Po prostu ktoś, przywracając pana prokuratora Barskiego ze stanu spoczynku, popełnił błąd wskazując, że wróci na podstawie przepisów, które wprowadzały nowe regulacje - Prawo o prokuratorze w 2016 roku. To tak zwane przepisy wprowadzające. One były tylko na chwilę, żeby na nowo móc umodelować w tamtym czasie Prokuraturę Krajową. Dzisiaj obowiązuje inny przepis, już w samych przepisach - Prawo o prokuraturze, to jest artykuł 127, który reguluje powroty stanu spoczynków - tłumaczył na antenie TVN24 wiceminister sprawiedliwości Arkadiusz Myrcha.

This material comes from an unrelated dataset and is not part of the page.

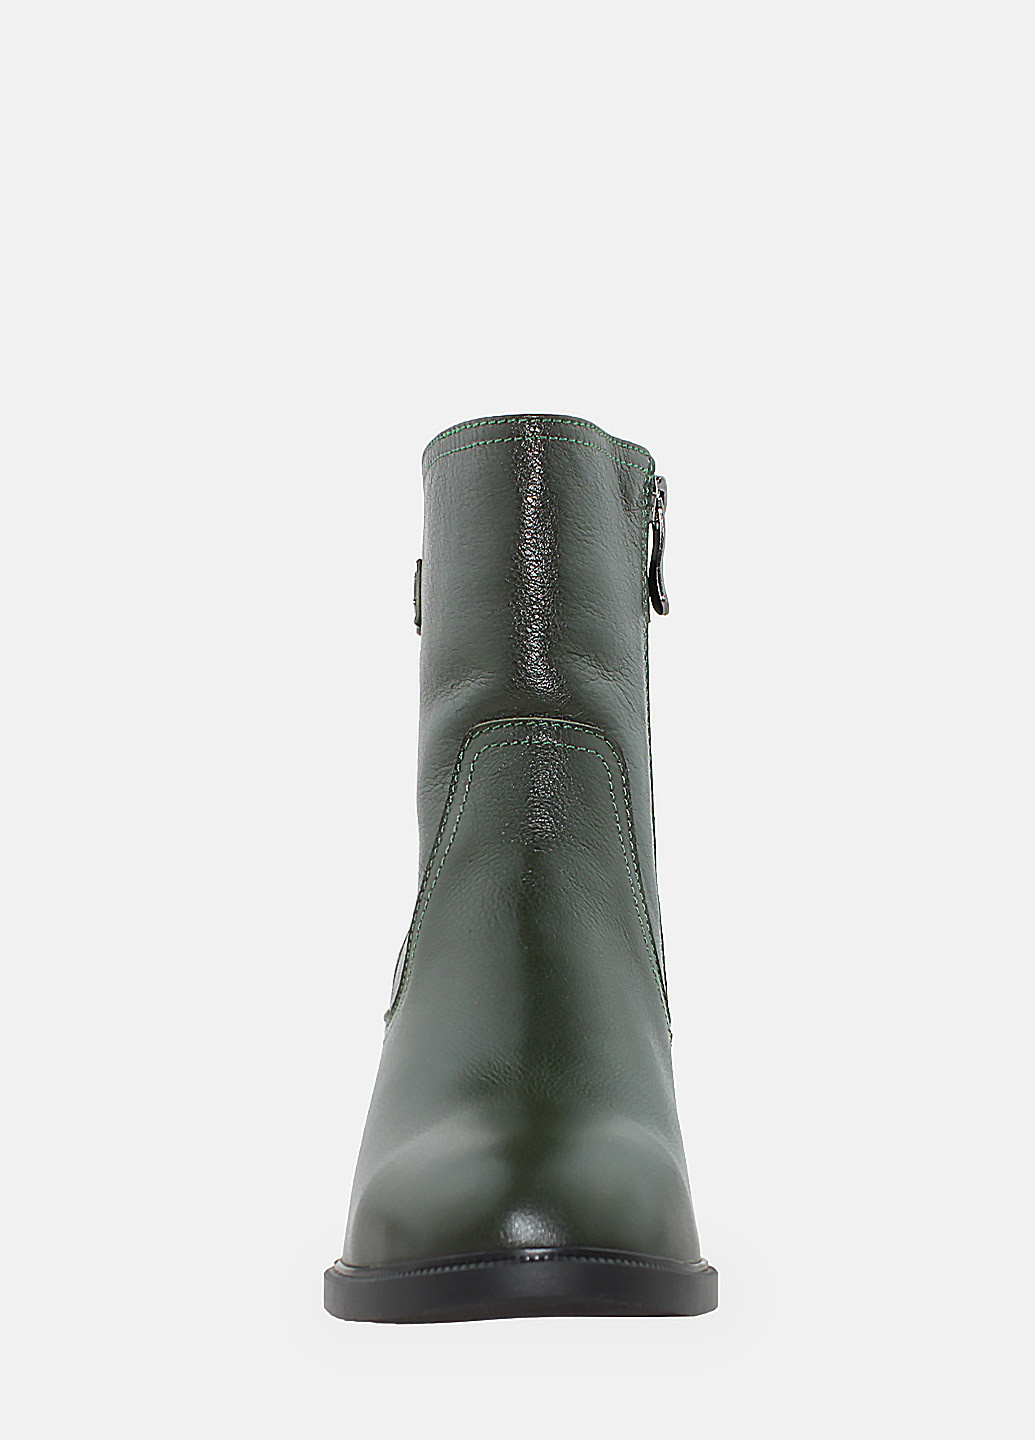 Зимние ботинки raмолли1-86 зеленый Alamo

Dodał, że "gdyby na podstawie tego przepisu, dzisiaj obowiązującego, prokurator Barski wrócił, mielibyśmy związane ręce". Ale ktoś popełnił wówczas błąd i wykorzystał niewłaściwy przepis - powiedział Myrcha.
Wiceszef MS pytany o to, czy prokurator Barski, przyjmując pismo od Prokuratora Generalnego, przyjął je do wiadomości, odpowiedział: Wedle mojej wiedzy przyjął to do wiadomości.
Na pytanie, czy decyzje podejmowane przez prokuratora Barskiego są ważne i są w mocy, powiedział: Tak, są w mocy.
Resort sprawiedliwości przekazał także w piątek, że Prokurator Prokuratury Krajowej Jacek Bilewicz został pełniącym obowiązki Prokuratora Krajowego. Prokuratura Krajowa oświadczyła z kolei, że funkcję Prokuratora Krajowego pełni Dariusz Barski, a pismo Prokuratora Generalnego Adama Bodnara, w którym wskazuje on, że - jego zdaniem - Prokurator Krajowy pozostaje prokuratorem w stanie spoczynku, nie wywołuje żadnych skutków prawnych.
Zastępcy Prokuratora Generalnego w sobotnim oświadczeniu napisali, że "powierzenie prokuratorowi Jackowi Bilewiczowi funkcji p.o. Prokuratora Krajowego z pominięciem procedury ustawy Prawa o prokuraturze jest bezskuteczne".